Matthew D. Zimmer, Igor A. Bolotnov
Nuclear Science and Engineering | Volume 194 | Number 8 | August-September 2020 | Pages 708-720
Technical Paper | dx.doi.org/10.1080/00295639.2020.1722543
Articles are hosted by Taylor and Francis Online.
Recent advancements in computing power allow utilization of state-of-the-art direct numerical simulations (DNSs), coupled with interface tracking techniques, to perform fully resolved simulations of complex two-phase flows, such as flow regime transitions. Studying the highly resolved temporal and spatial information produced from these virtual experiments can advance our understanding of the phenomenon and inform coarser models. With these improved models, better predictions of flow regime behavior and location in boiling water reactors can be made.

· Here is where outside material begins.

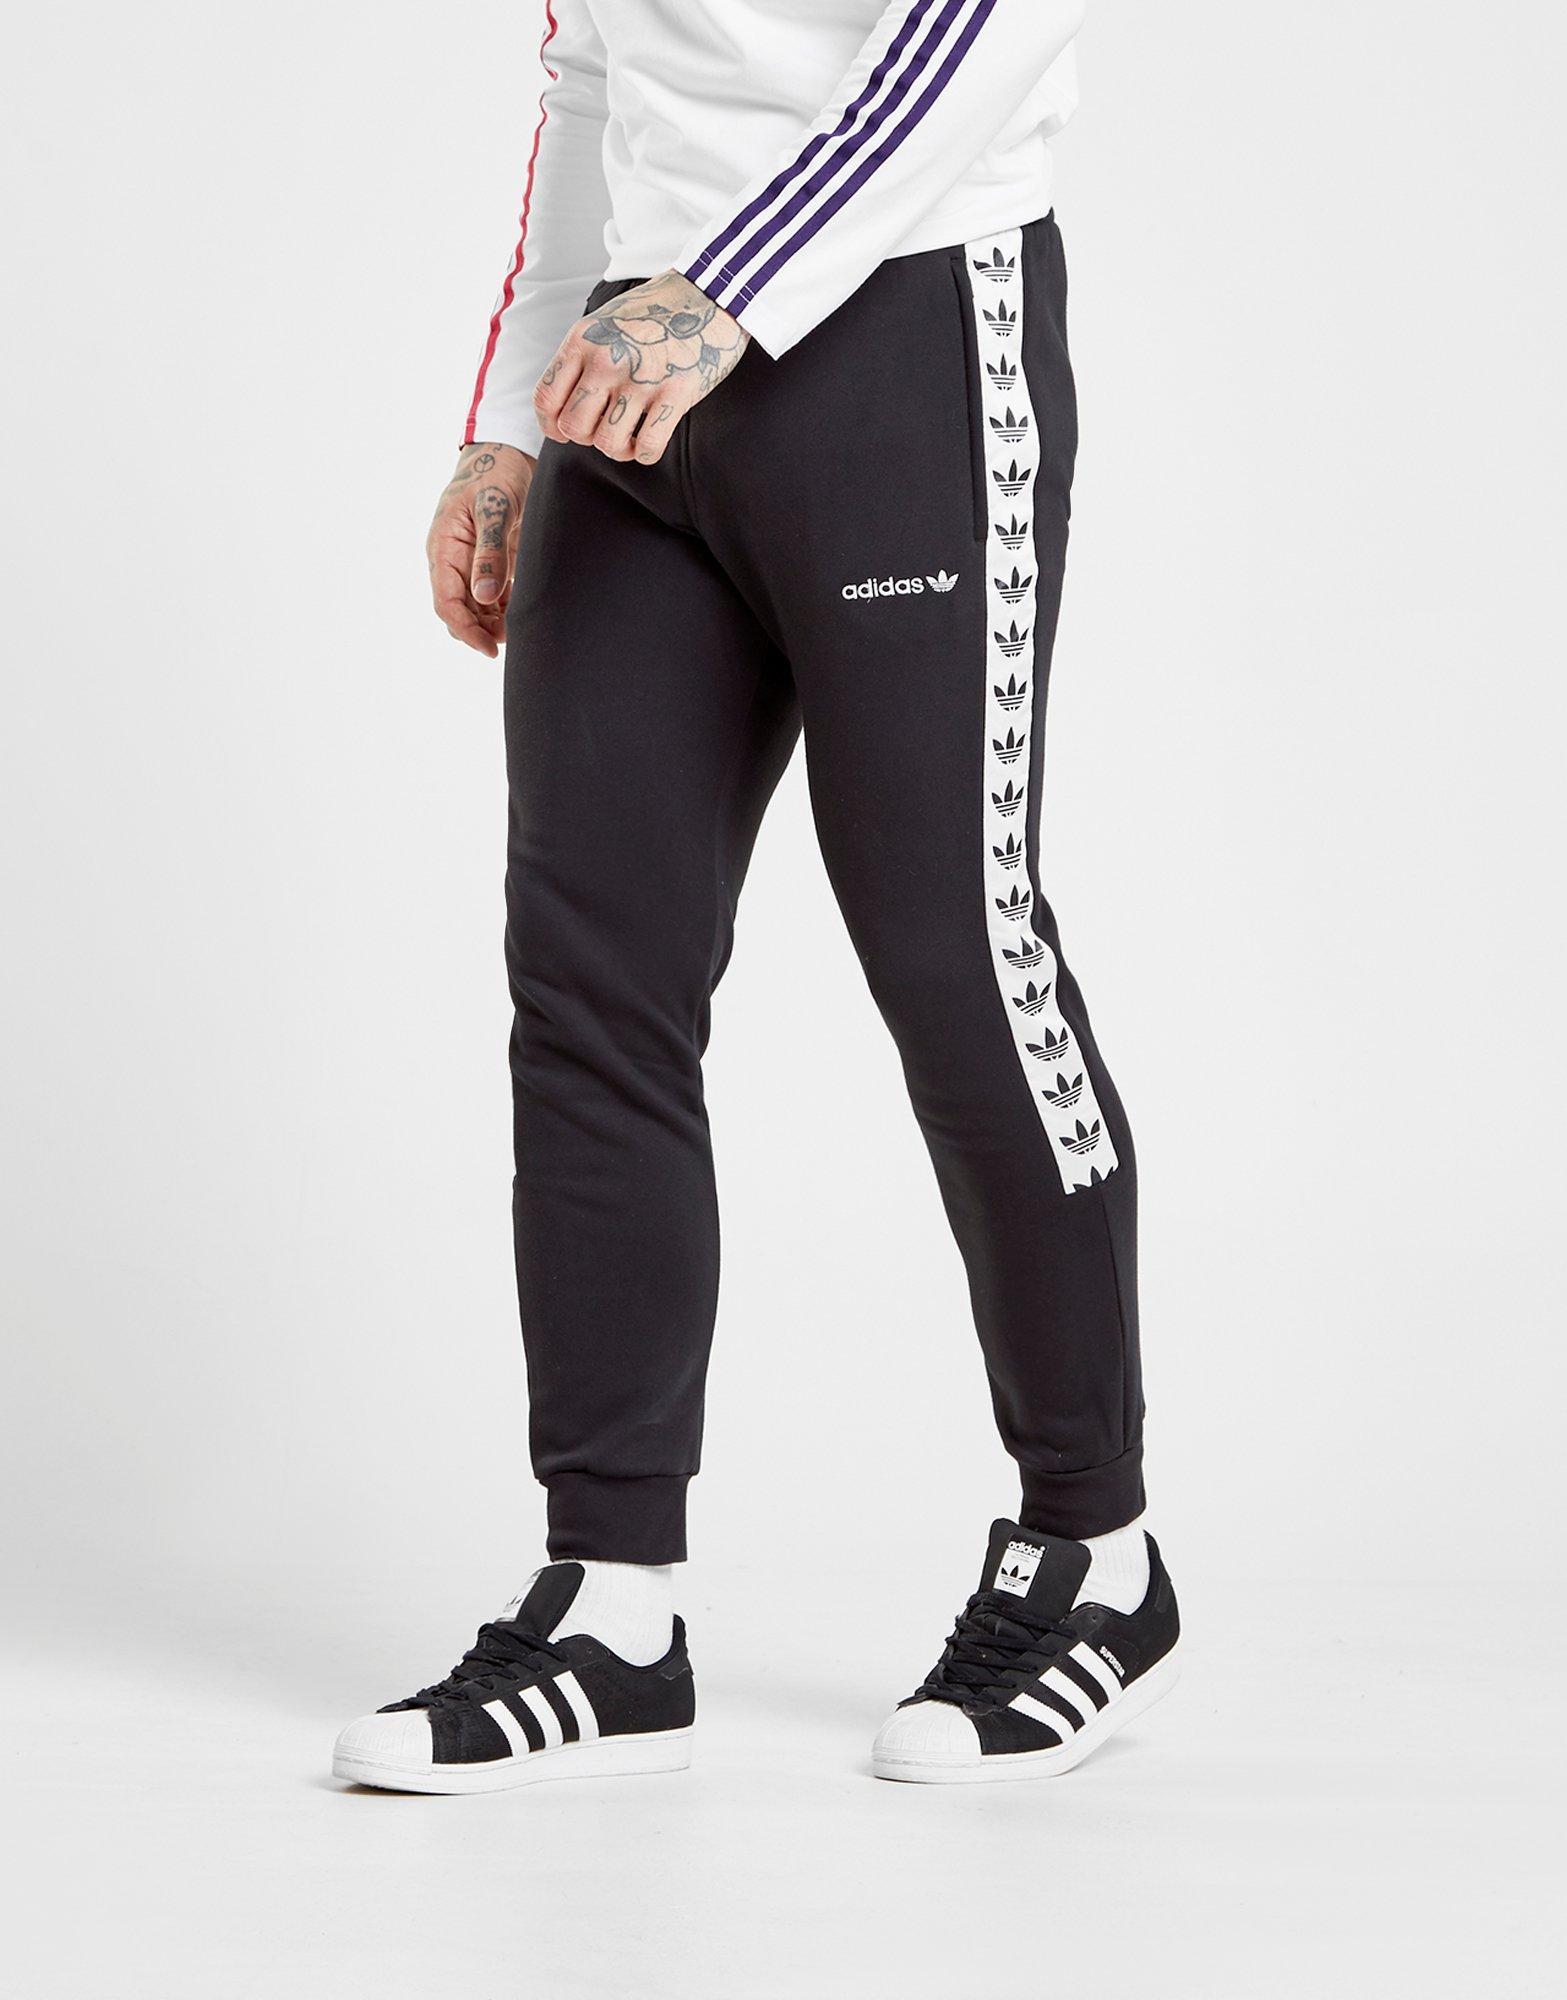 in Tape Adidas Men Fleece Lyst Pants for Track Black Originals pC6w6qn1
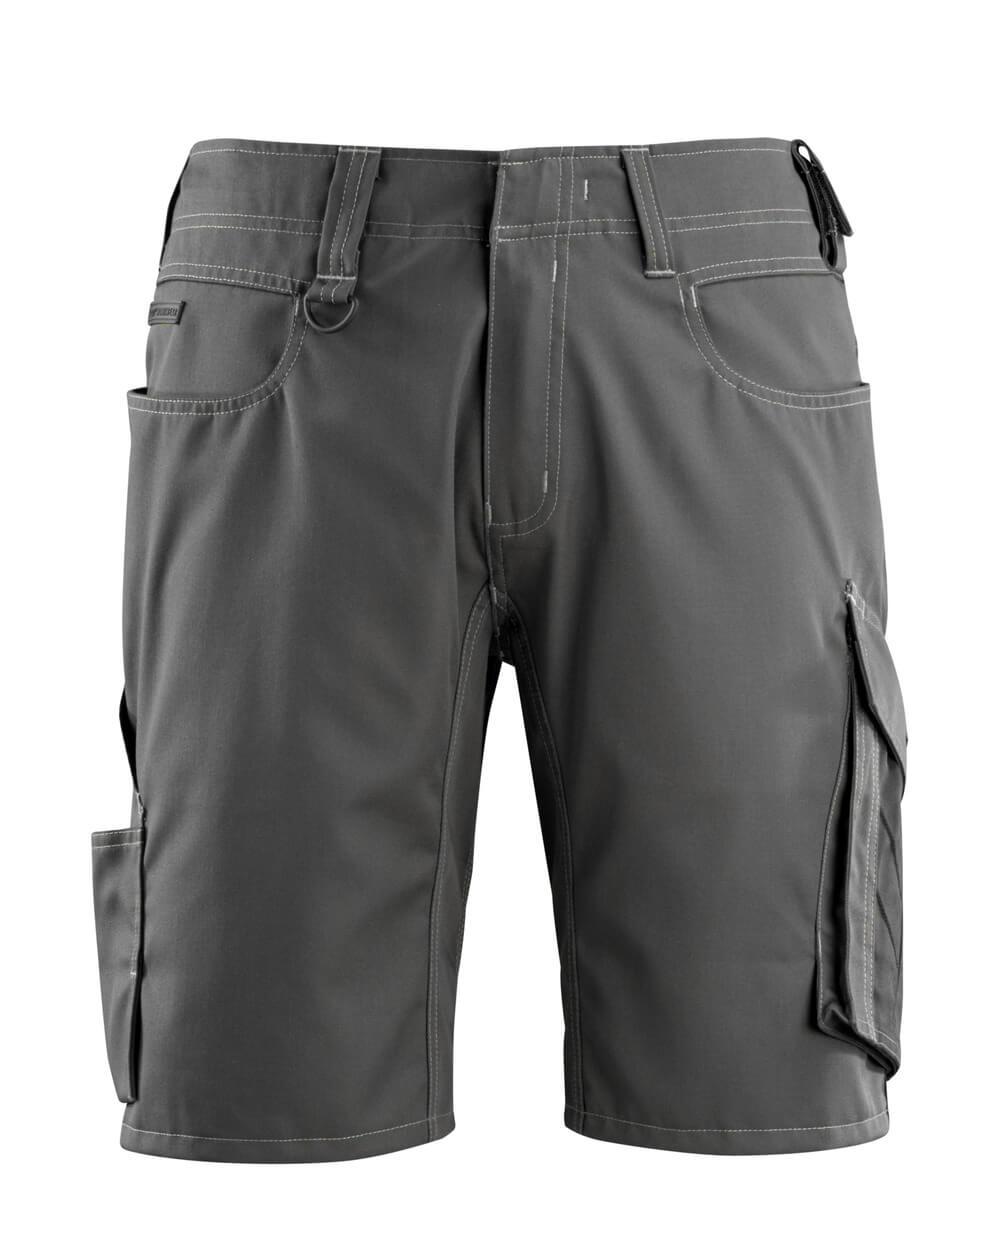 12049-442-1809 Pantalones cortos - antracita oscuro/negro

The presented research uses the PHASTA code, which employs the level set method for interface tracking, to examine the mechanisms of flow regime transition, specifically the slug-to-bubbly and slug-to–churn-turbulent regime transitions. The DNS was validated using theoretical and experimental work found in open literature. Different geometries, including pipes and minichannels, were explored in order to improve the fundamental understanding of the complex flow phenomenon. Using advanced analysis techniques, the transient flow properties were analyzed at resolutions not available to other methods. The numerical data analysis allows for calculation of both time and spatially averaged properties as well as local instantaneous properties. Possible mechanisms for the transition are discussed. Examples include liquid kinetic energy/surface tension energy balance and interfacial shear forces in the liquid film. It is also noted that the transition out of slug flow can take at least two pathways: interfacial wave-induced instability development in the Taylor bubble, leading to its disintegration, or strong bubble shearing at the tail of the bubble.